If you've been feeding the tank regularly, I'd say you're good to go. Go for the inverts, and a after another week of good results, your first fish.

Nitrate is the end product of the cycle. 5 mg/L indicates that you have had a soft cycle, unless you're getting that much from your tap water. You should expect to see that climb between water changes.

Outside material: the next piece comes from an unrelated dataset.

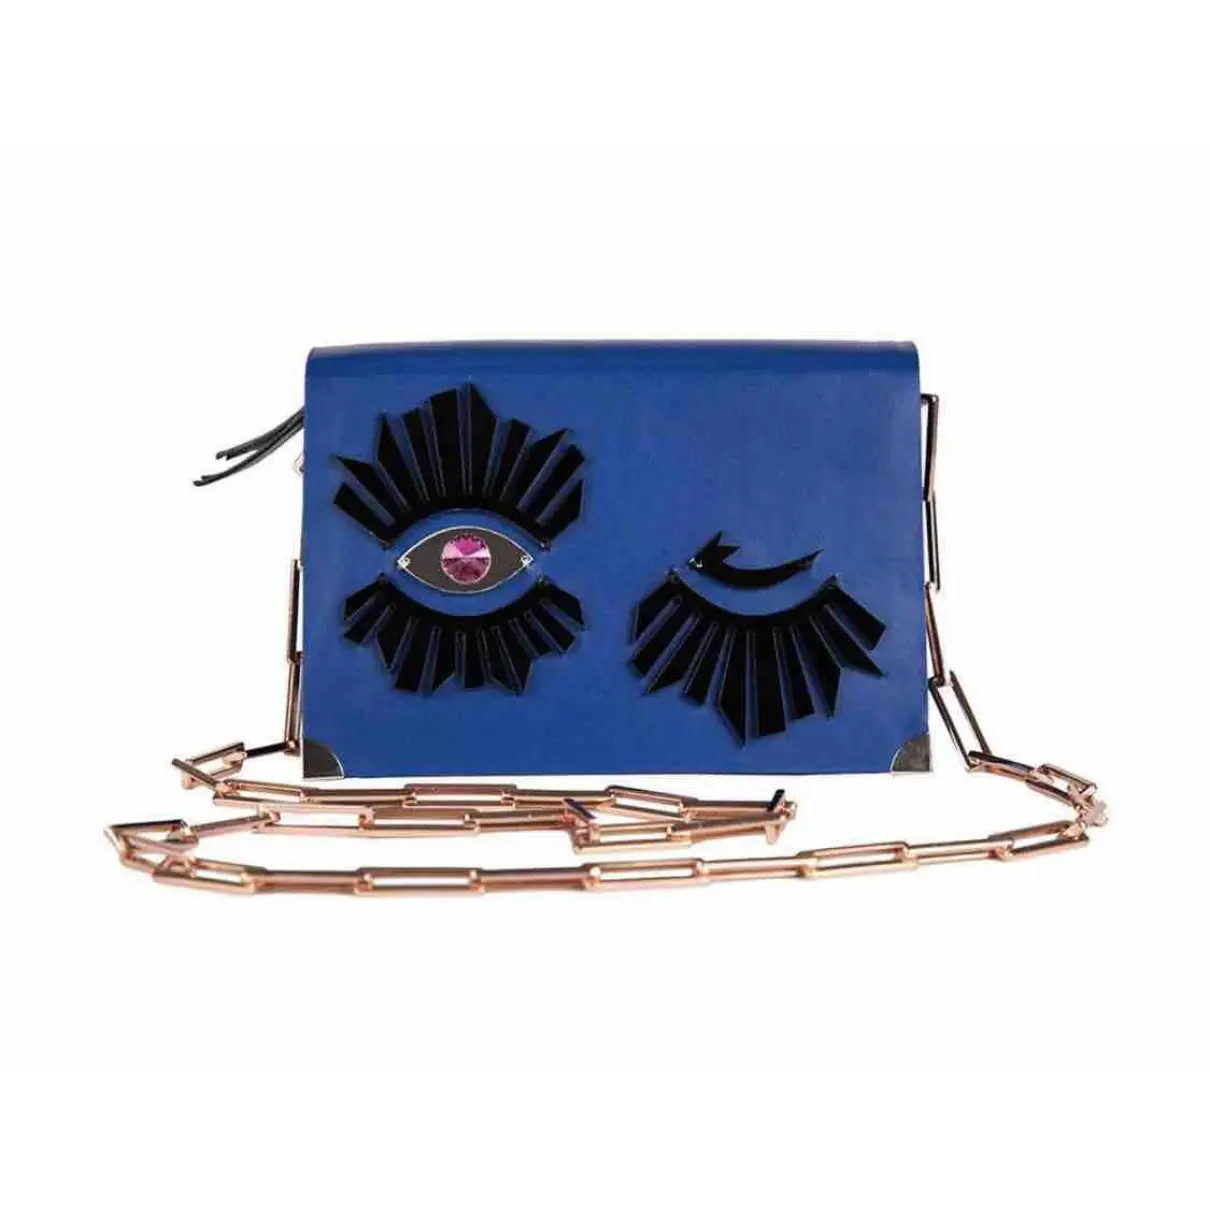 Luxury Benedetta Bruzziches Handbags Women

Have you been doing water changes during your cycle?
 
no water changes yet, planned on doing one tonight and picking up some inverts friday, I threw a half of a small shrimp in last night, with still no ammonia, no nitrites, and pretty much no nitrates when tested this morning, if there was no good bacteria there would have been a spike by now right?, I would still be safe to add inverts if the small piece of shrimp is not affecting the tank and still have clean readings correct?.
 
I was just wondering, with the nitrates so low if you had brought them down, or if they were naturally that low.

Good job!
 
I did nothing to lower them, I thought originally it may be my test kit so I took it to the LFS with same results, must be all the good advice on here
 
agreed, without this site I would not have known about the fishless cycle, the space requirements for saltwater fish, what to test for, where to start troubleshooting certain problems and tons of other good BASIC info that I had not seen before and certainly not as in depth, I would have been heading for what I now know would be a disaster, well wish me luck, the inverts should arrive tommorrow.
 
in a new tank with no fish there should be little too no nitrates.. I would not rush into adding inverts and toss in the shrimp for a few days to see what happens.
Nothing good happens fast in this hobby. Feeding a small amount of flake food IMO is not enough to trigger a cycle so go with the shrimp. Waiting a few more days so your sure IMO is the way to go.
Is it possible you had no cycle .. yes if the LR was cured
 
seaham, I added a piece of shrimp last night and still had 0's when tested this morning except for slight nitrate reading, also after feeding the tank little bits of flake with no reading, I started adding quite a bit of flake food last week, and that is when a bit of nitrates were reading. Would this not tell me that if there is enough bacteria to complete the cycle for flake food and half a small shrimp without registering ammonia, then there should be enough for inverts?
 
Go for it! Just don't increase feeding suddenly when you add the inverts.

Nothing wrong with a gradual cycle. You start out with healthy live rock, and you're halfway done with your cycle to start with. The fact that nitrates are presesnt is evidence that a cycle has occured. Flake food is just as good an ammonia source as the shrimp. It provides a more gentle cycle by adding a small amount of ammonia every day instead of front-loading it. The shrimp method stops delivering ammonia after awhile, so despite the hard cycle, by the end you may starve some of your freshly bred bacteria. Feeding flake on a regular basis maintains the bacteria population you built up at a steady level.